If you currently have a 68mm shell, and a solid cartridge bottom bracket unit (meaning it's one piece and not floating cups like bmx) you cannot adapt it to a wider shell.

Unless you're aiming at riding a lot of "freeride" type stunts or steep drops and such with a longer fork, I wouldn't look at the NS B*tch. Suburban and TOP are money frames though, great price, good availability, and the suburban is pretty light. New '08 ToP has some great updates too. But, if you are really looking at NS Bikes, I'd recommend picking up a Capital if you can find one. 

A new bottom bracket cartridge typically isn't that much money, but if you're going to buy a new one, you may as well invest the money into some decent cranks (If I remember correctly, you had some bunk cranks with the riveted on chainrings...), which you should be able to find for rather cheap, as in under a hundo for some decent bmx cranks with a euro bbb, look at some easterns or fsa's if you want some new ones, or you could probably score some old used deity's or profiles for under a hundred.


----------



## Dave Moore (Apr 15, 2004)

bbrz4 said:


> cant you just take a couple of halflinks out?
> 
> i did that and have perfect tension w/ no need for tensioner on my stp (36/18 gearing)

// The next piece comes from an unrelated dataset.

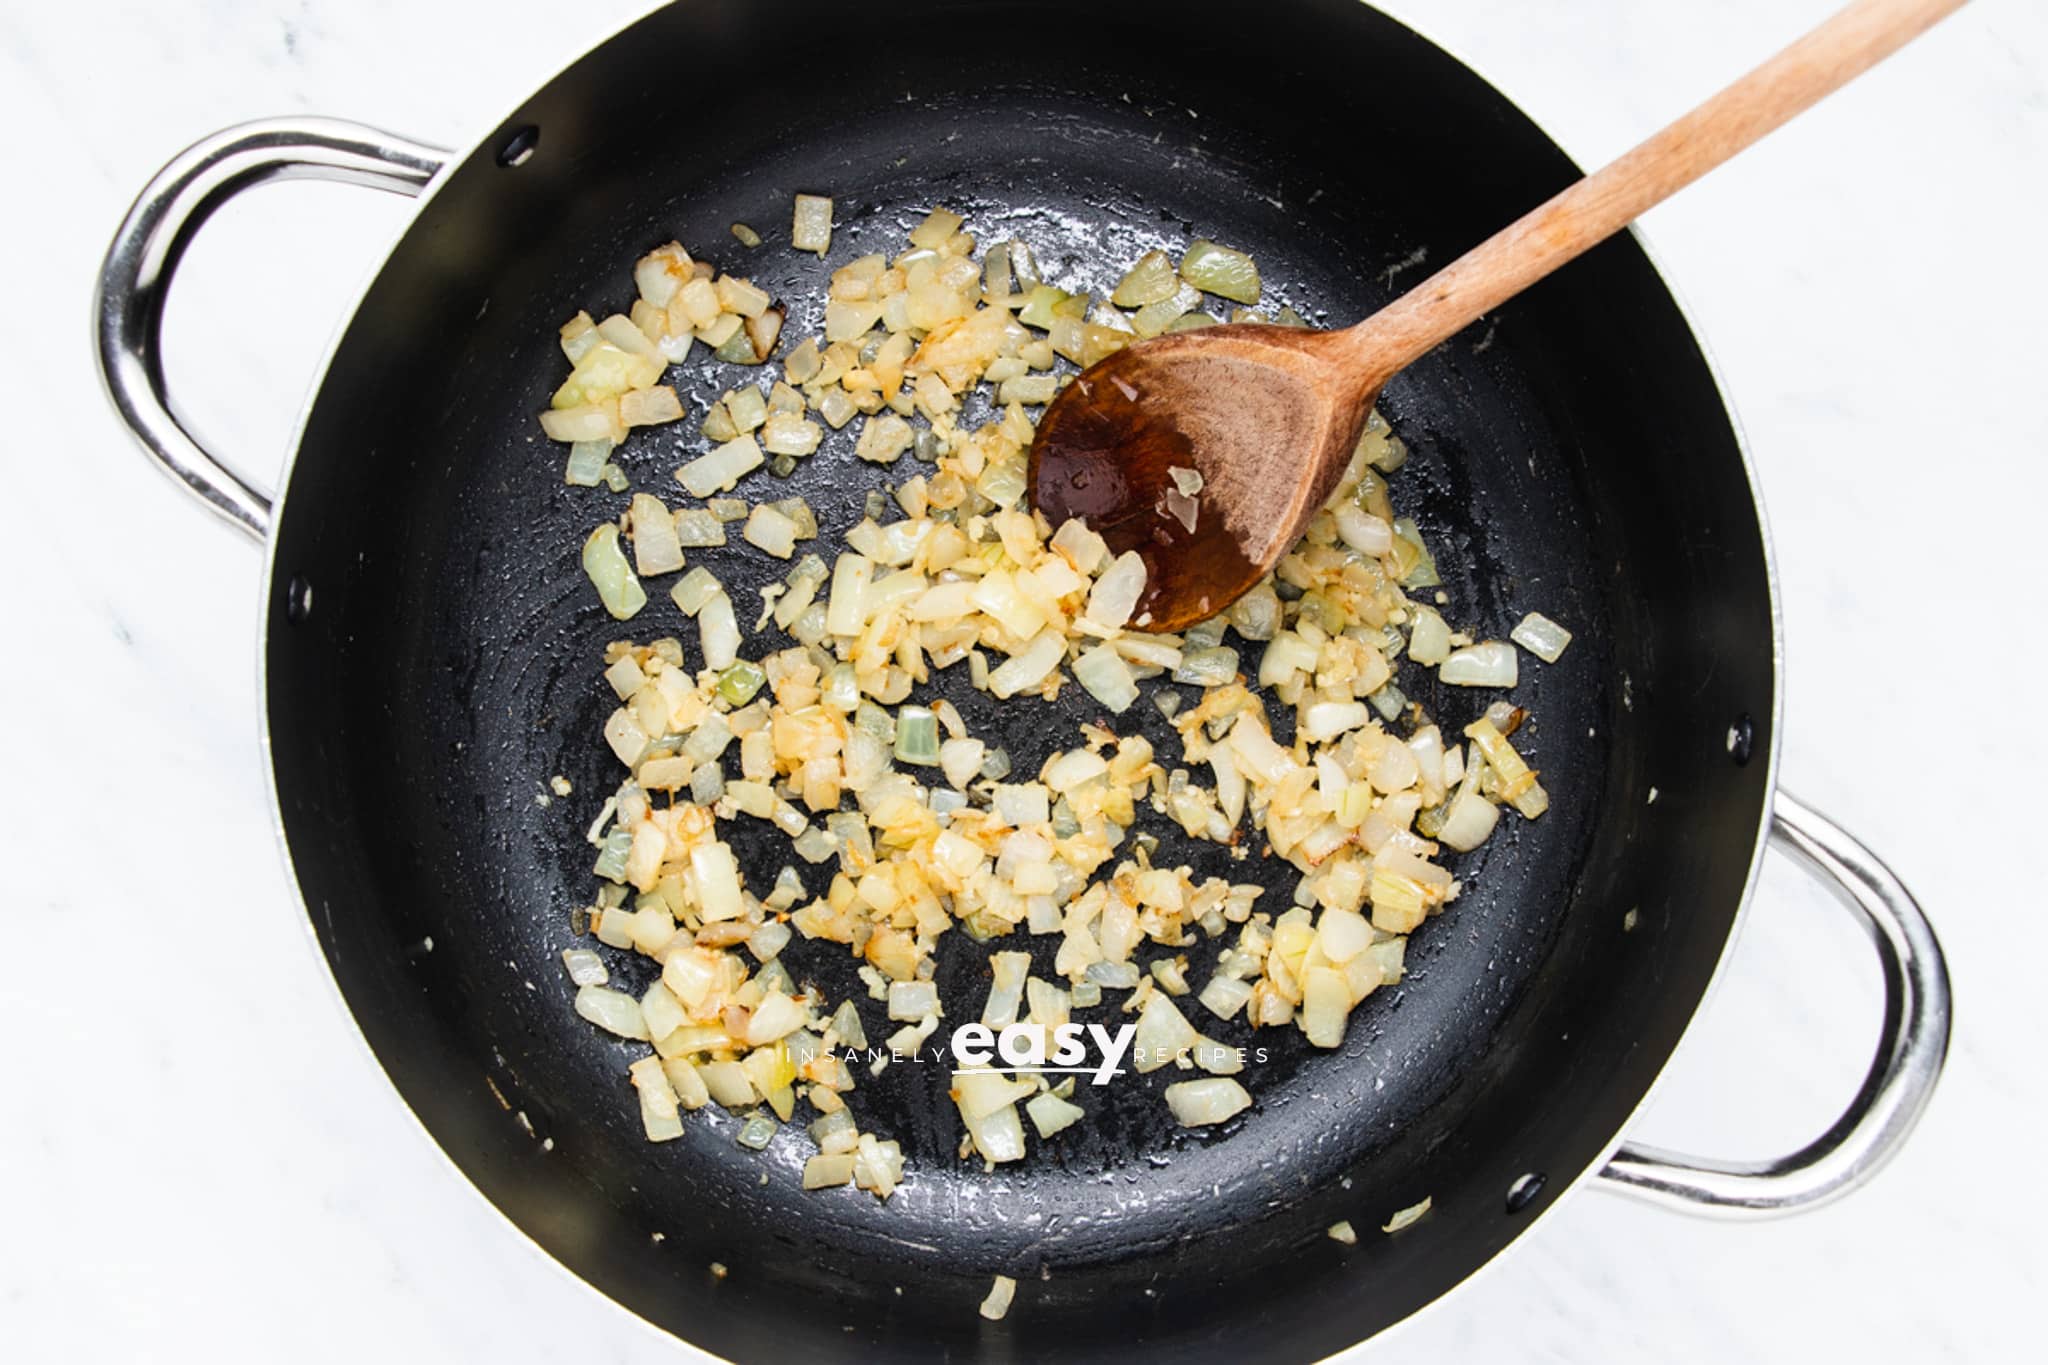 onion and garlic sauteing in a saucepan.

If it were that simple it would already be tensioned correctly 

I figured one more link removed would fix that but with one more link out the stock tensioner doesn't have enough adjustment and the chain is super tight.

Giants tensioner isn't like a Rennen where there is quite a bit of adjustment. It works similar to an eccentric bottom bracket thus not leaving tons of chain adjustment. 
I apparently picked a sprocket and cog size that doesn't allow the tensioner to work as it does with the stock 32x16.

I also tried not using the tensioner at all and that didn't work either.


----------



## Dave Moore (Apr 15, 2004)

derfernerf said:


> so what the hell does all that mean? is that how wide the BB shell is? (drive side to non-drive side)


Yes, 68mm and 73mm is how wide the bottom bracket shell is and as Bikesatori said, there isn't a 78mm bb shell.


----------



## bbrz4 (Jun 12, 2007)

oh ok, get a new tensioner or find a combo that works, i found that 36/16 works great w/ no tensioner :thumbsup:


----------